Выбрать главу

Часов в семь или восемь вечера меня обычно окликает снизу хозяйка:

— Зоя Витальевна, жду вас чаевничать! Самовар на столе!

Обедаю я всегда в кафе напротив редакции, а завтракаю и ужинаю дома.

Внизу у Ксении Филипповны еще три комнаты и кухня. Все комнаты заставлены громоздкой старинной мебелью — прадедовскими буфетами с причудливыми резными башенками, шестиярусными этажерками и комодами-раскоряками на львиных лапах. А среди всего этого отжившего хлама величаво царствует по-мужски широкоплечая грузная женщина лет шестидесяти с гаком.

Муж Ксении Филипповны, умерший лет пять назад, был главбухом в леспромхозе, и семья жила припеваючи. У моей квартирной хозяйки два сына. Младший, Антоша, в армии, где-то на Дальнем Востоке в погранвойсках служит, а старший, Валетка, когда кончилась война с фашистами, не прожил под родительским кровом и года. Властной матушке пришлась не по нраву фронтовая жена сына — медицинская сестра. И Валетка — в родительницу, видно, крутой нравом, — уехал с женой и только что народившимся карапузом в столицу одной азиатской республики к боевому другу. Еще до войны парень набил руку на малевании вывесок и холстяных ковриков с пышнотелыми русалками и белогрудыми лебедушками, и это ремесло ему пригодилось на новом местожительстве. Тот же фронтовой друг, приютивший у себя временно Валетку с семьей, помог ему пристроиться в художественную мастерскую местного оперного театра. Вначале Валетка раскрашивал декорации, пристально приглядываясь к работе главного художника — выпивохи-забулдыги. Не раз и не два бражничал Валетка с главным, просаживая порой чуть ли не всю свою скудную полумесячную получку. И тот многому научил сметливого парня. А когда художник вконец спился с круга и его уволили из театра, освоившийся с делом Валетка быстрехонько пошел в гору.
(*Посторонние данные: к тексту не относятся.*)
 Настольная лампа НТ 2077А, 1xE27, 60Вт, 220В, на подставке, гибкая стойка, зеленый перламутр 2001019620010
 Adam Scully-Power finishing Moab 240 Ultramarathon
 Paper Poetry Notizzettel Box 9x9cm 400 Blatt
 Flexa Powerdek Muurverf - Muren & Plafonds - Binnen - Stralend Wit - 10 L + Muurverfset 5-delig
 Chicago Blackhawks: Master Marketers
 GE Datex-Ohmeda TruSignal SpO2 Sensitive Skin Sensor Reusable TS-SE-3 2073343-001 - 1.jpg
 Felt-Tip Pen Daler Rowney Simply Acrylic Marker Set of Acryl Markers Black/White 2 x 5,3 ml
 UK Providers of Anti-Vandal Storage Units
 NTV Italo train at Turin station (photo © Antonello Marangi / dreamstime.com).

В настоящее время он достиг больших высот: главный художник театра. Матушка ежемесячно получает от старшего сына переводы — когда на пятьдесят, когда на семьдесят целковых. Не забывает Валетка, точнее уж Валентин Георгиевич, и матушкины именины. В этот день Ксении Филипповне доставляют от сына и поздравительную телеграмму, и посылку с фруктами. И она до небес превозносит своего «старшого». Светелка до сих пор называется Валеткиной, хотя вот уже больше двадцати лет сын ни разочку не навестил родной город. Не приезжал он и на похороны отца.

Сейчас моя многоречивая Ксения Филипповна (она страшно негодует, когда кто-нибудь из соседей называет ее «теткой Оксей») ждет со дня на день возвращения из армии младшего своего отпрыска — ненаглядного Антошу.

Обычно за вечерним чаем, о чем бы ни начинался у нас разговор, она непременно сведет его на Антошу — «писаного красавчика, вьюношу кроткой ангельской души, застенчивого до ужасти… такой теперь даже девицы не найдешь на всем белом свете».

Правда, на фотографии, которую Ксения Филипповна показывала мне бог знает сколько раз, младший ее сынок не производит неотразимого впечатления: длинная гусиная шея, крупные оттопыренные уши, глубоко запрятанные робкие глаза, еле приметные, поджатые губы, как бы наглухо замкнутые на ключ.

Среди недели заболел Гога-Магога — так мы с корректором Нюсей Стекольниковой за глаза зовем ответственного секретаря Маргариткина, люто ненавидящего свою фамилию. И Пал Палыч — наш старик редактор — попросил меня временно исполнять обязанности секретаря. А какой из меня секретарь, когда я до сих пор шрифты путаю?

В субботу, часов в семь вечера, когда все полосы были сверстаны, получили заявление ТАСС по вьетнамскому вопросу. Ну и началась горячка!

При переверстке полос я допустила несколько промашек. Раздувая сивые усищи, Пал Палыч проворчал, не глядя на меня:

— Не появится в понедельник Комаров — не миновать мне инфаркта… огурцы соленые!

Я промолчала. А выходя из редакторского кабинета, подумала: «А у меня, усатый морж, по-твоему, веревки вместо нервов? Без Комарова и мне будет крышка!»

Комаров — заместитель редактора, на диво мягкий, обходительный человек. Не то что ворчун Пал Палыч. Сегодня Женя последний день гуляет в отпуске, В редакции его все ждут с нетерпением.